ABSTRACT

Movements of the Unemployed in Morocco1

The problem of unemployment and access to a job in the public sector has fueled, over the past few years, two major movements in Morocco. The first one is widely known as the “unemployed graduates’ movement” (“harakat al-mo’attalin hamili al-shahadat” in Arabic, also referred to by the French expression of “diplôméschômeurs”). The “unemployed graduates’ movement” is not a new phenomenon as its history goes back to the early 1990s. The second movement grew out of a succession of contentious campaigns between February and October 2011, targeting the Office Chérifien des Phosphates (OCP, Cheriffian Agency of Phosphate),2 the State-owned phosphate monopoly.
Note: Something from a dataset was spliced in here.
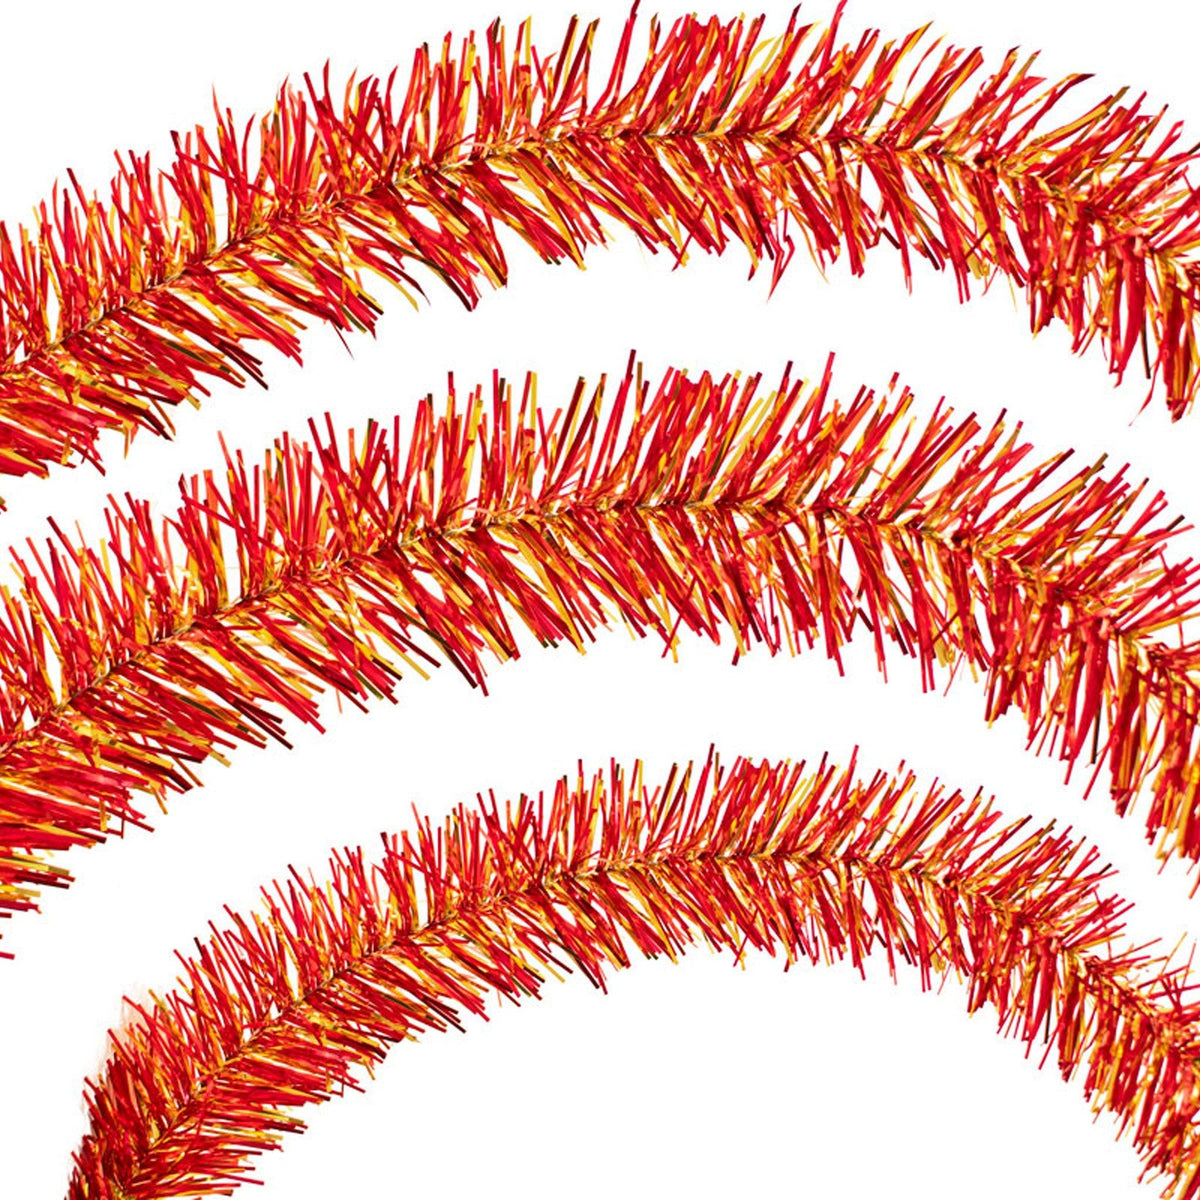 Lee Display's brand new 25ft Shiny Red and Gold Tinsel Garlands and Fringe Embellishments on sale now at leedisplay.com

Inspired by the events on Tahrir Square (Cairo, Egypt) and by the Moroccan 20 February Movement,3 unemployed youth of Khouribga set up an encampment in front of the local administration of the OCP, renaming the place “Maydan Attachghil” (employment square) and occupying it for almost one month (Choukrallah 2011). The violent repression of the occupation on March 15, 2011 marked the beginning of a turbulent period in the mining region that lasted almost one year. Both movements, the unemployed graduates and the youth of the mining region, claim that their causes and demands are legitimate because of the supposed socio-economic exclusion suffered by their constituencies.